# [Material provided]
________________________

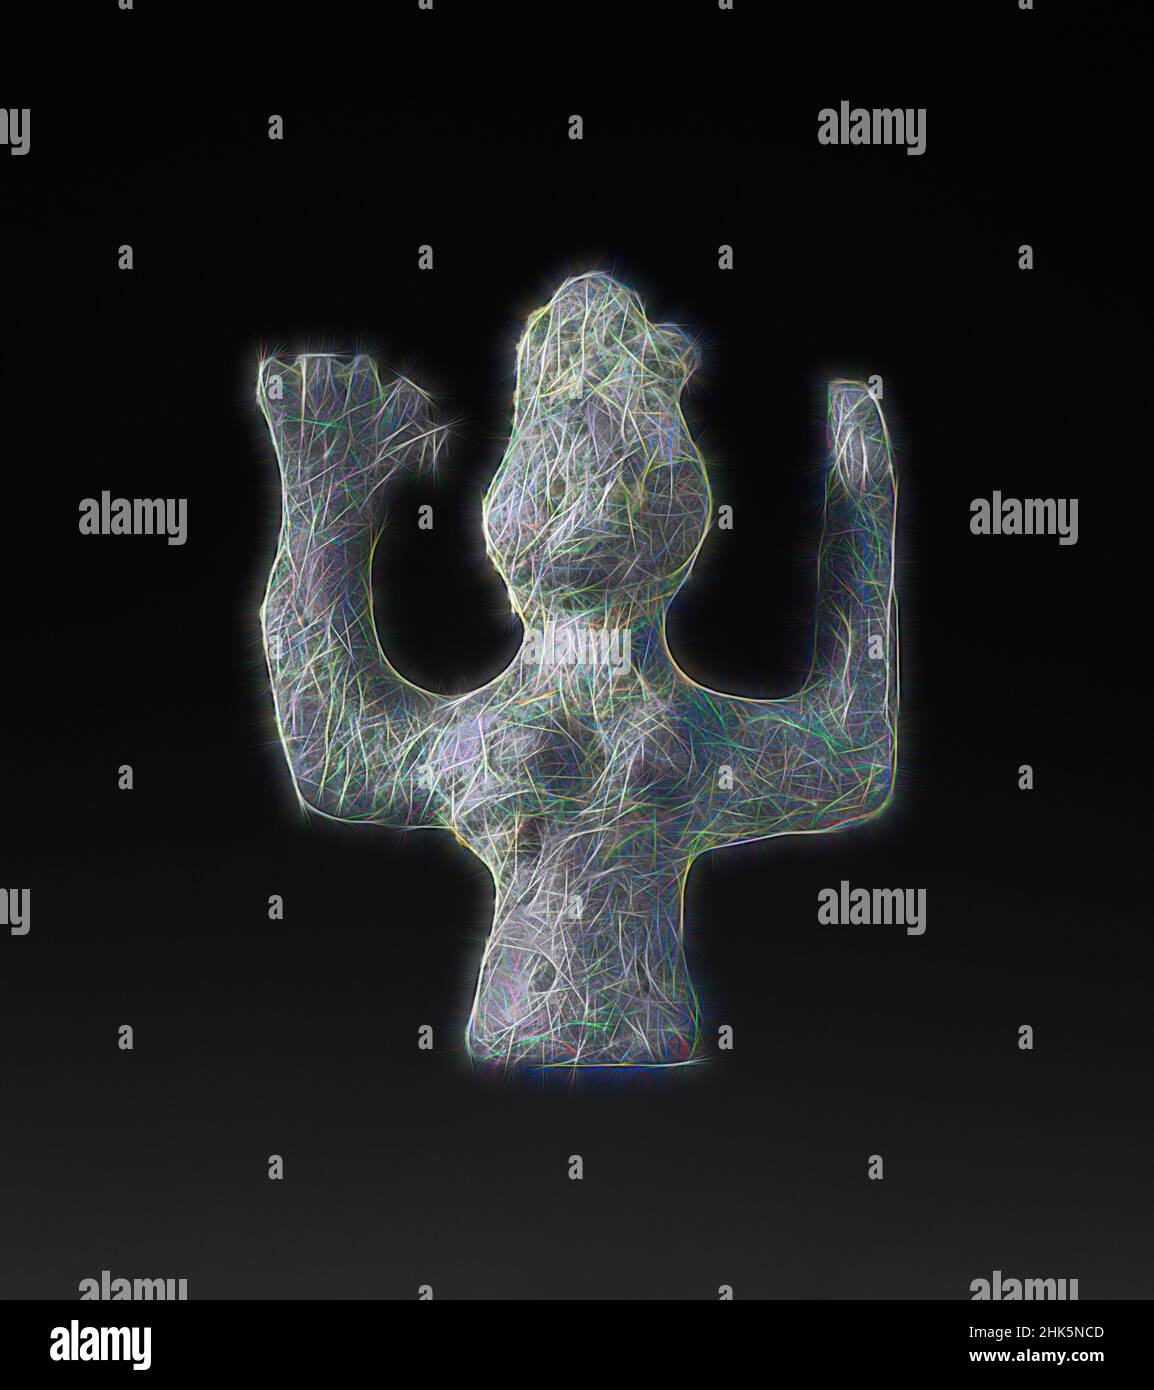 Inspiré par la figurine féminine, Minoan, crétoise, 3500–1500 C.-B., c. 1200–1100 C.-B., Bronze, Crète, Grèce, Europe, Metalwork, sculpture, 1 7/16 x 1 1/4 x 3/8 po (3,7 x 3,2 x 1 cm, repensé par Artotop. L'art classique réinventé avec une touche moderne. Conception de lumière chaleureuse et gaie, de luminosité et de rayonnement de lumière. La photographie s'inspire du surréalisme et du futurisme, embrassant l'énergie dynamique de la technologie moderne, du mouvement, de la vitesse et révolutionne la culture Banque D'Images
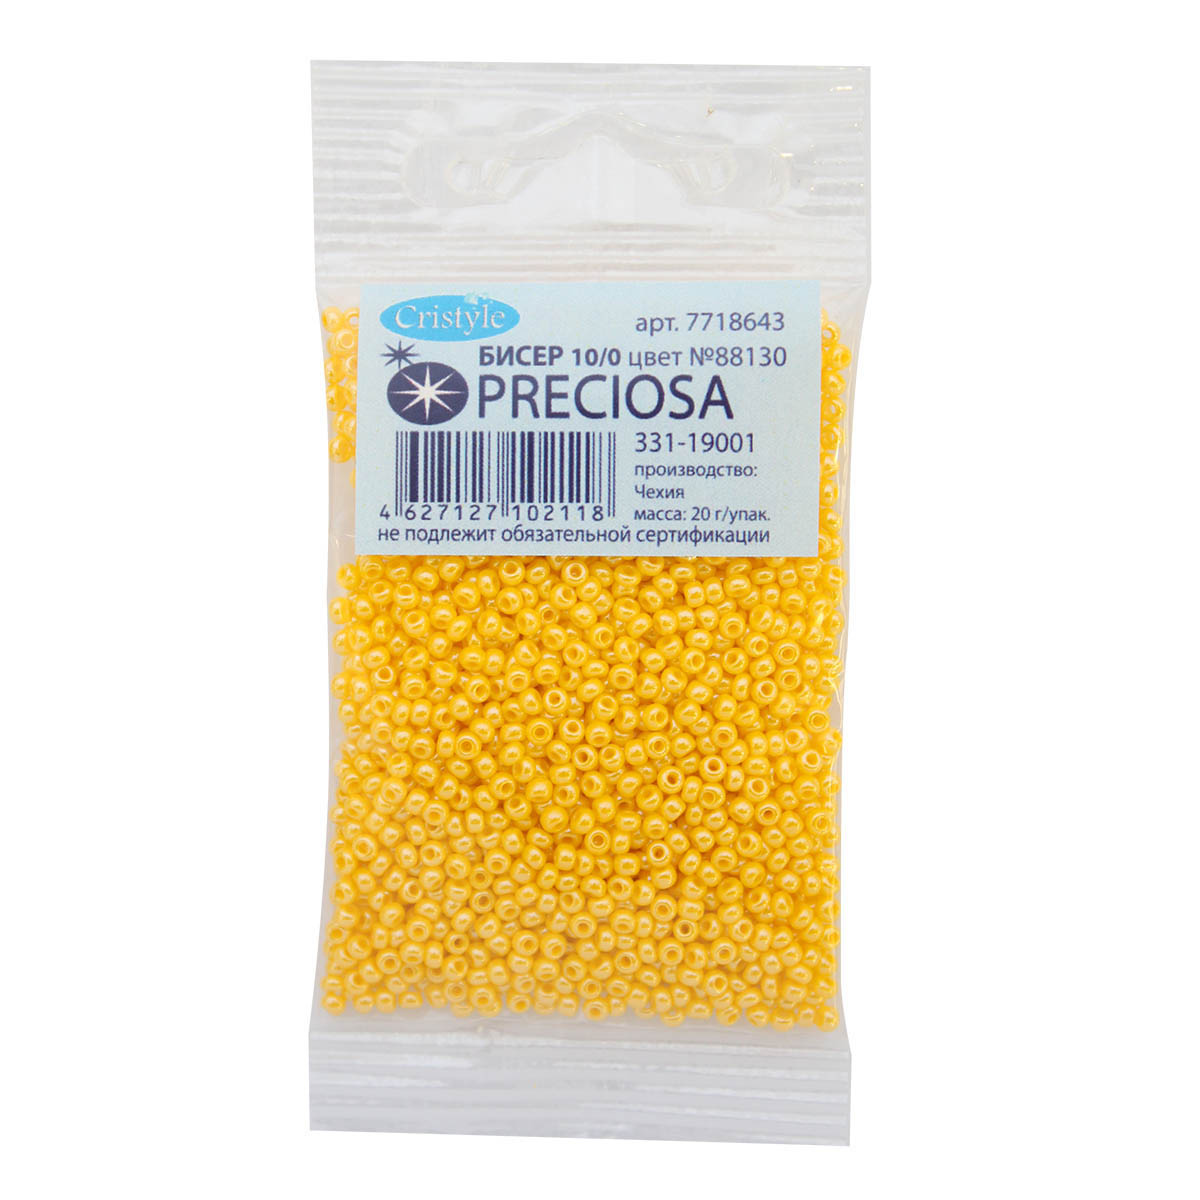 Бисер Preciosa чешский непрозрачный с жемчужным покрытием 10/0 20 гр Прециоза 88130 желтый - фото 3
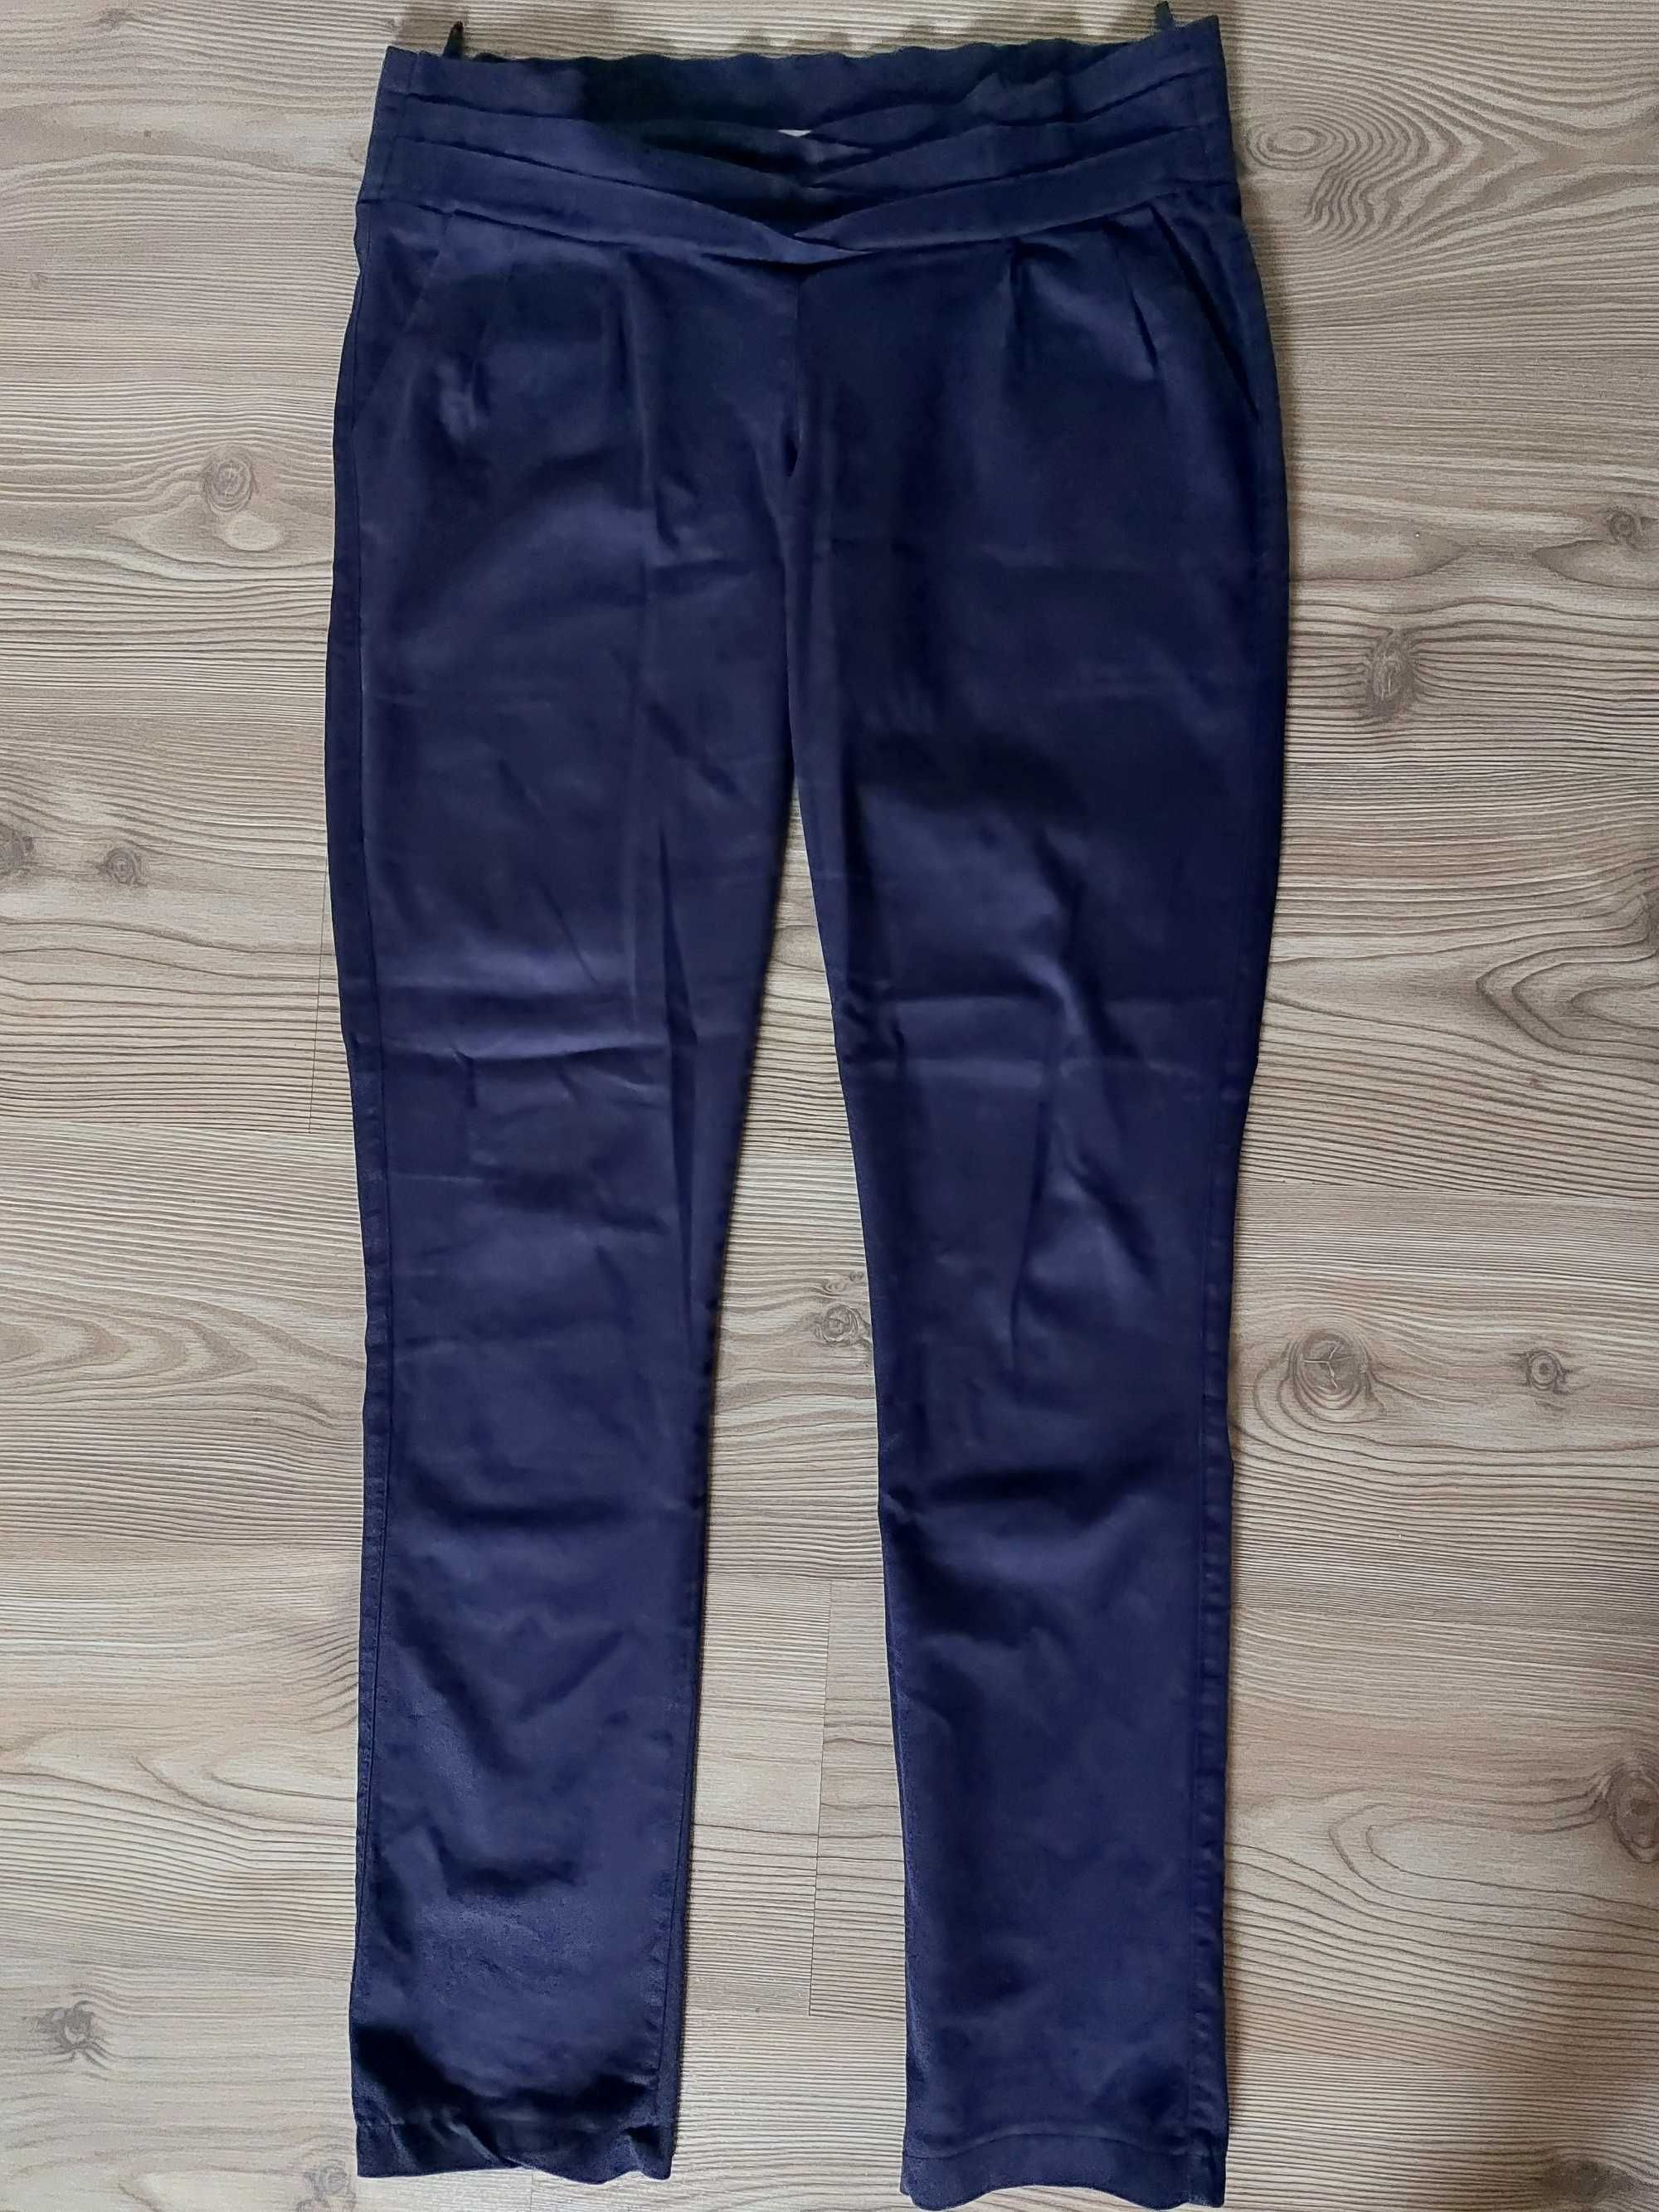 Брюки штаны синие, черные, белые размер 42, 44

________________________

# [Instructions for the task]
Only text belongs in the copy: repeat each line of the data exactly and leave out the pictures.

# [Expected answer]
 Inspiré par la figurine féminine, Minoan, crétoise, 3500–1500 C.-B., c. 1200–1100 C.-B., Bronze, Crète, Grèce, Europe, Metalwork, sculpture, 1 7/16 x 1 1/4 x 3/8 po (3,7 x 3,2 x 1 cm, repensé par Artotop. L'art classique réinventé avec une touche moderne. Conception de lumière chaleureuse et gaie, de luminosité et de rayonnement de lumière. La photographie s'inspire du surréalisme et du futurisme, embrassant l'énergie dynamique de la technologie moderne, du mouvement, de la vitesse et révolutionne la culture Banque D'Images
 Бисер Preciosa чешский непрозрачный с жемчужным покрытием 10/0 20 гр Прециоза 88130 желтый - фото 3
 Брюки штаны синие, черные, белые размер 42, 44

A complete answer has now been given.